▸ **PROBLEM DESCRIPTION**
In the records below, find the line with "(発送はご注文から3営業日以内です) - ajew" and repeat exactly every line from it through the line with "Bevolking Sint-Maarten getraumatiseerd". Pictures stay out.

▸ **DATA PROVIDED**
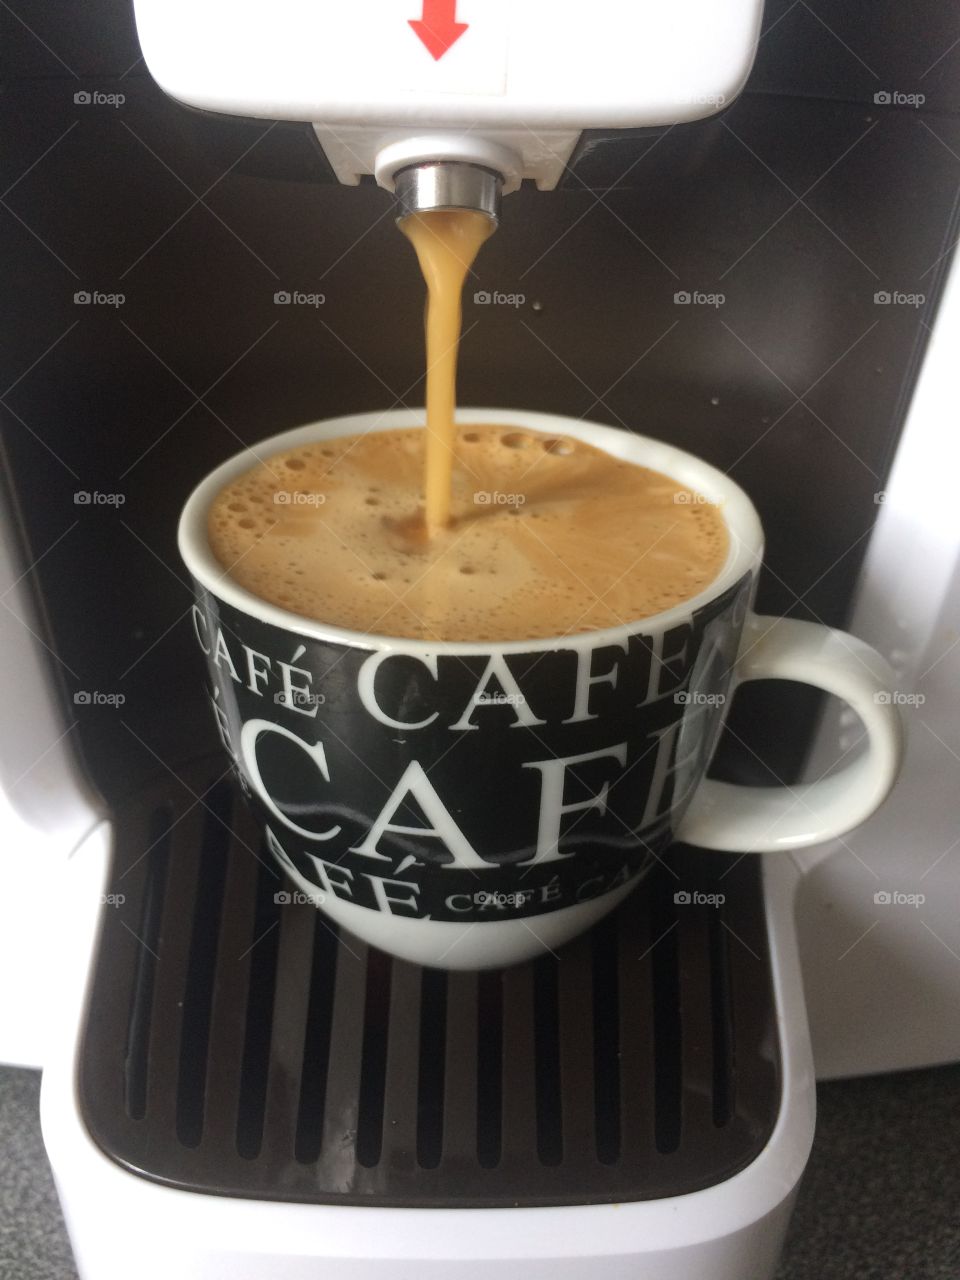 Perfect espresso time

--

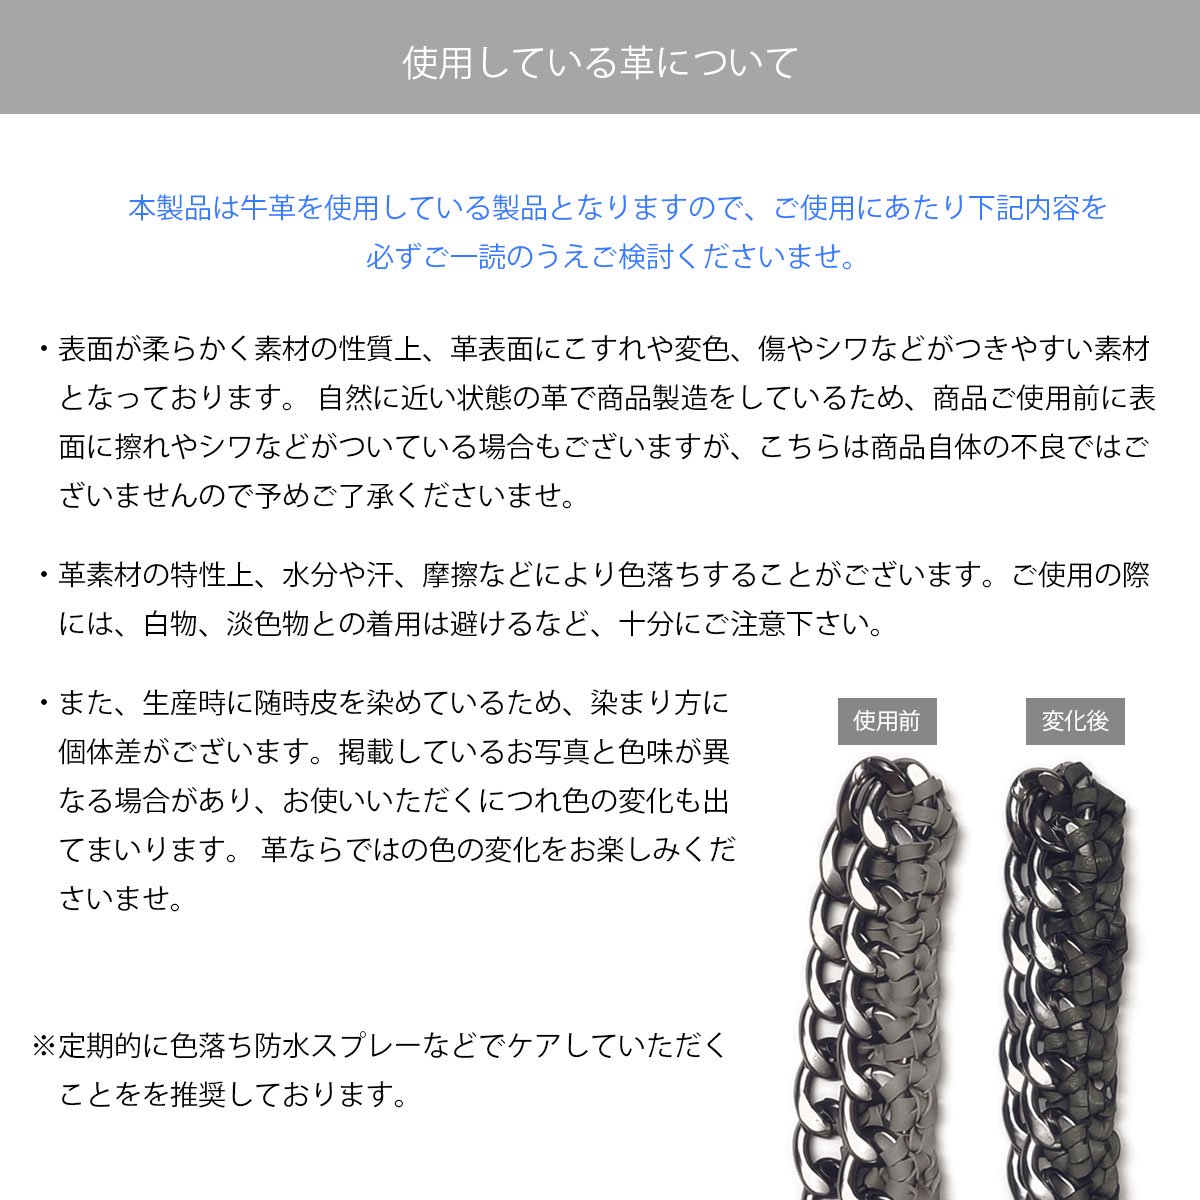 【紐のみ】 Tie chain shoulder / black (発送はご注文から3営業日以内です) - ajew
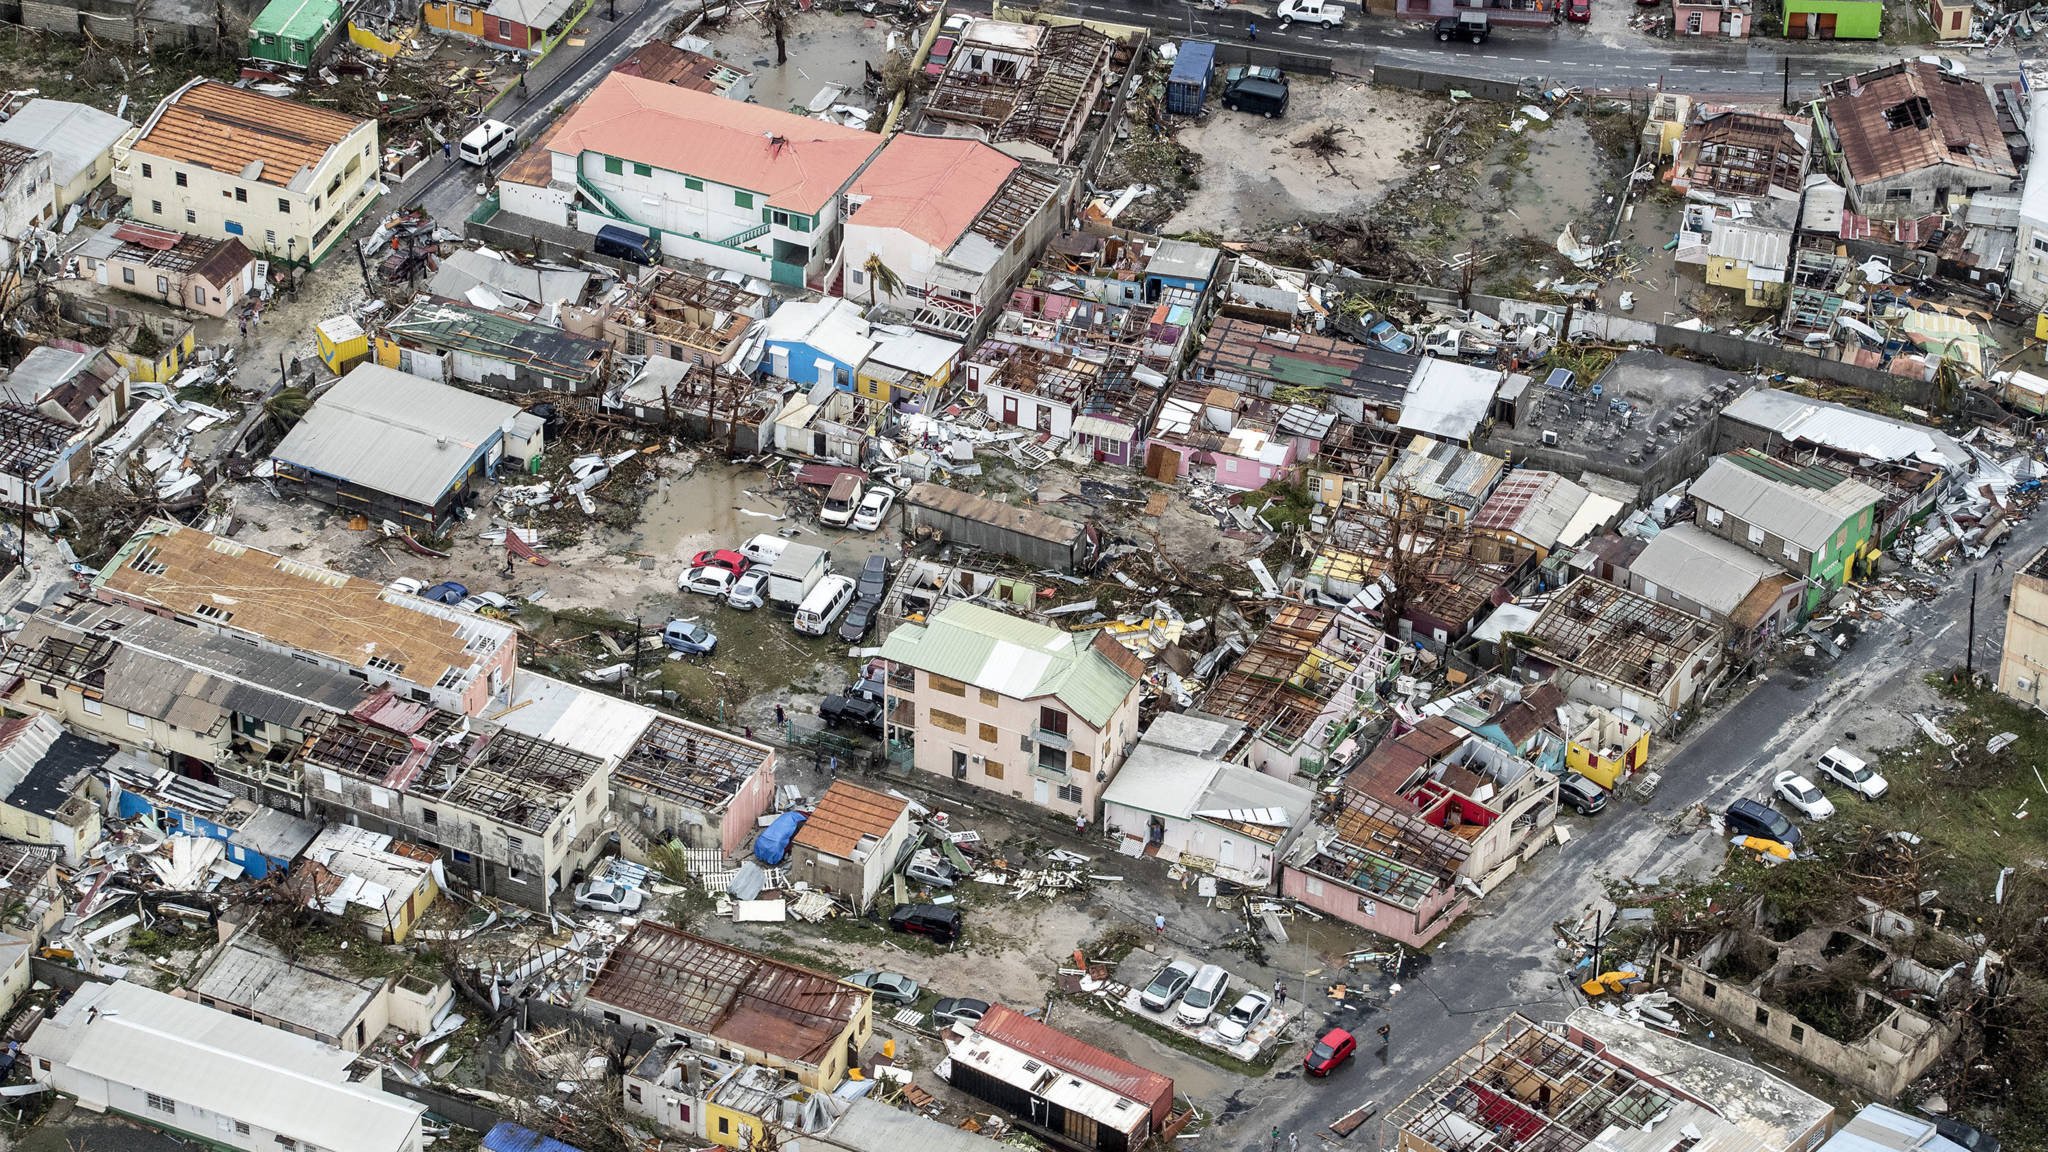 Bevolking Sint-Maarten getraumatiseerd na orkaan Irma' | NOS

---

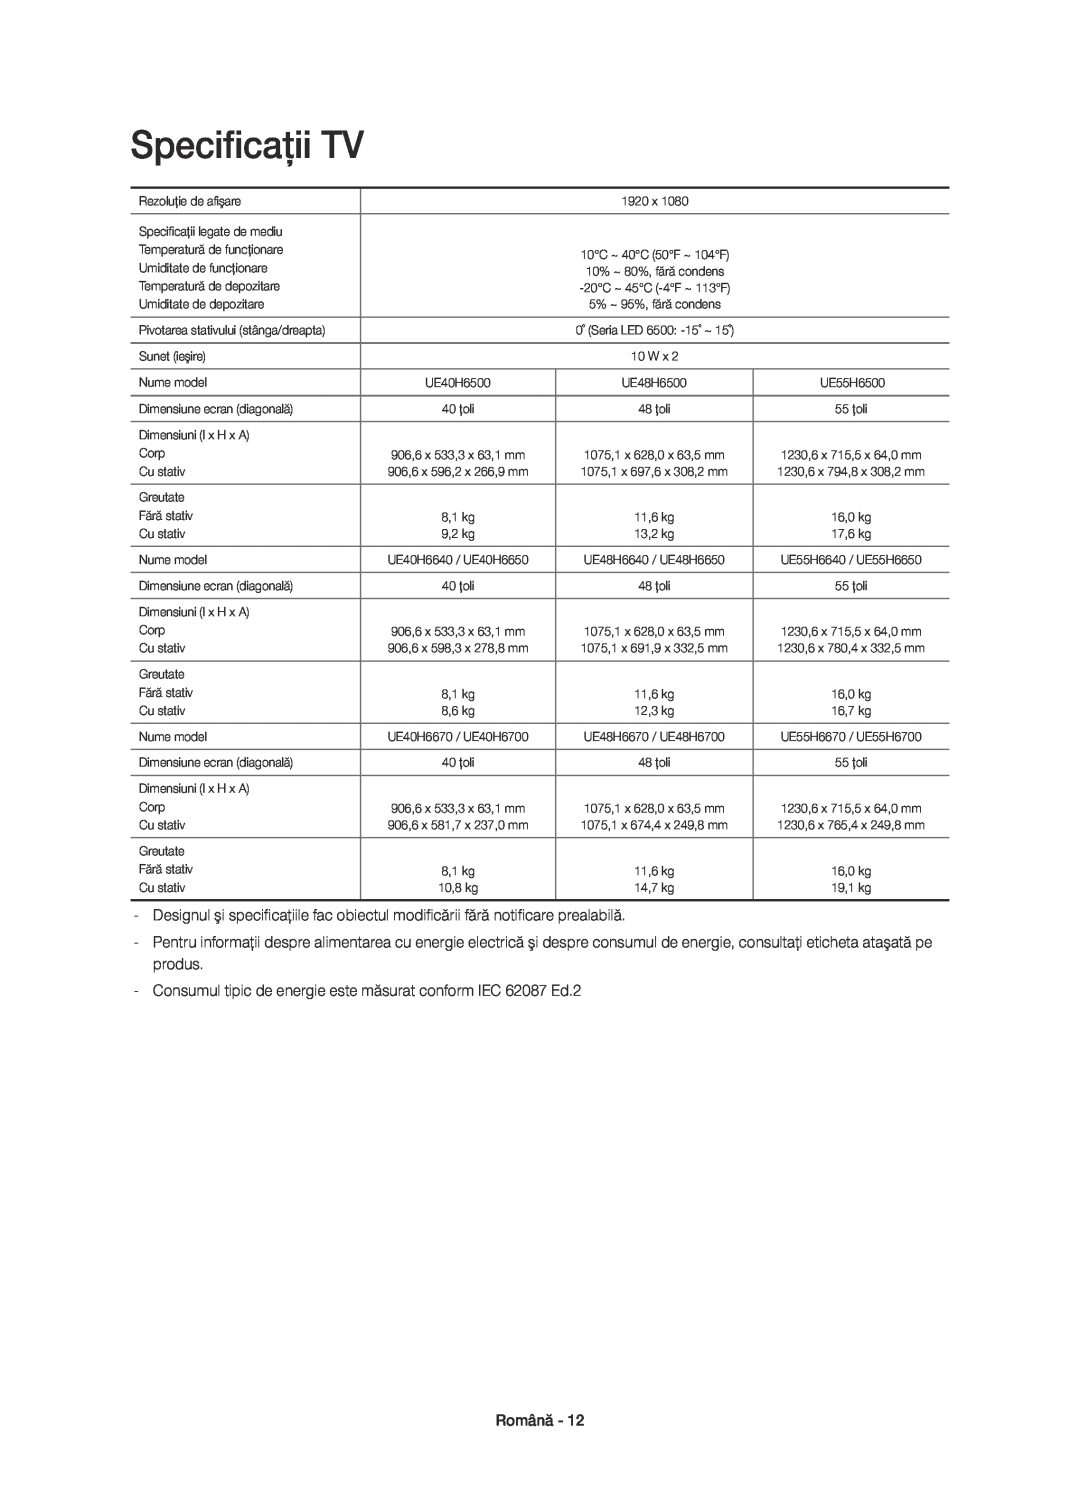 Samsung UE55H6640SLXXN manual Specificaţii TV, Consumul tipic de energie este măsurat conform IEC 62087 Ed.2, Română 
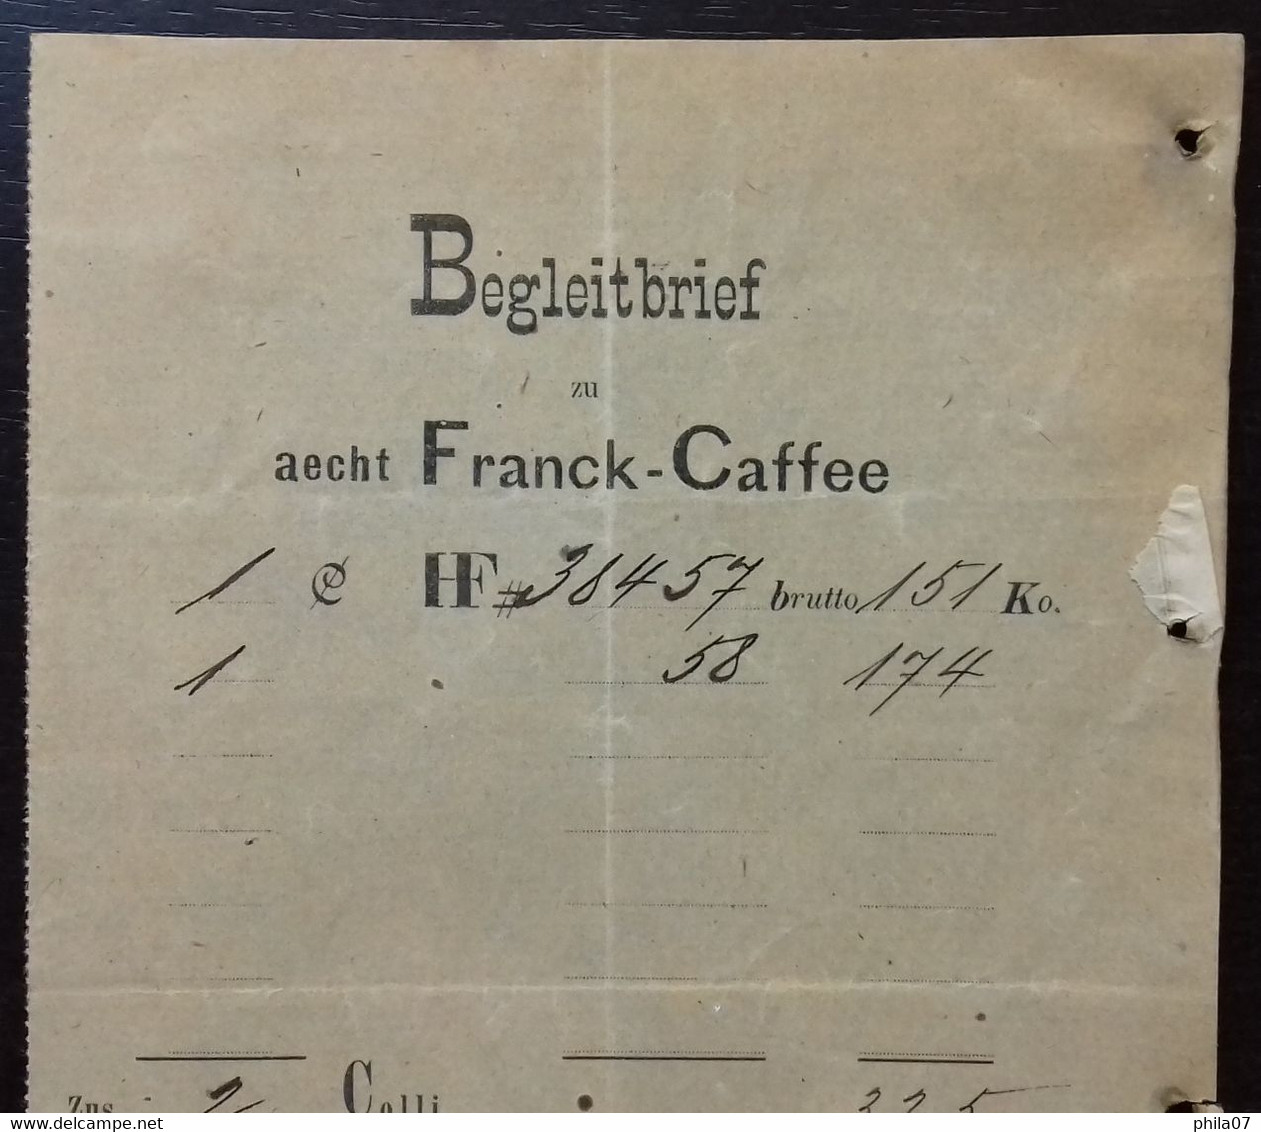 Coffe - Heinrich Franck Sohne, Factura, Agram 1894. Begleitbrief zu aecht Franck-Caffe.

▸ **ANSWER SECTION**
 【紐のみ】 Tie chain shoulder / black (発送はご注文から3営業日以内です) - ajew
 Bevolking Sint-Maarten getraumatiseerd na orkaan Irma' | NOS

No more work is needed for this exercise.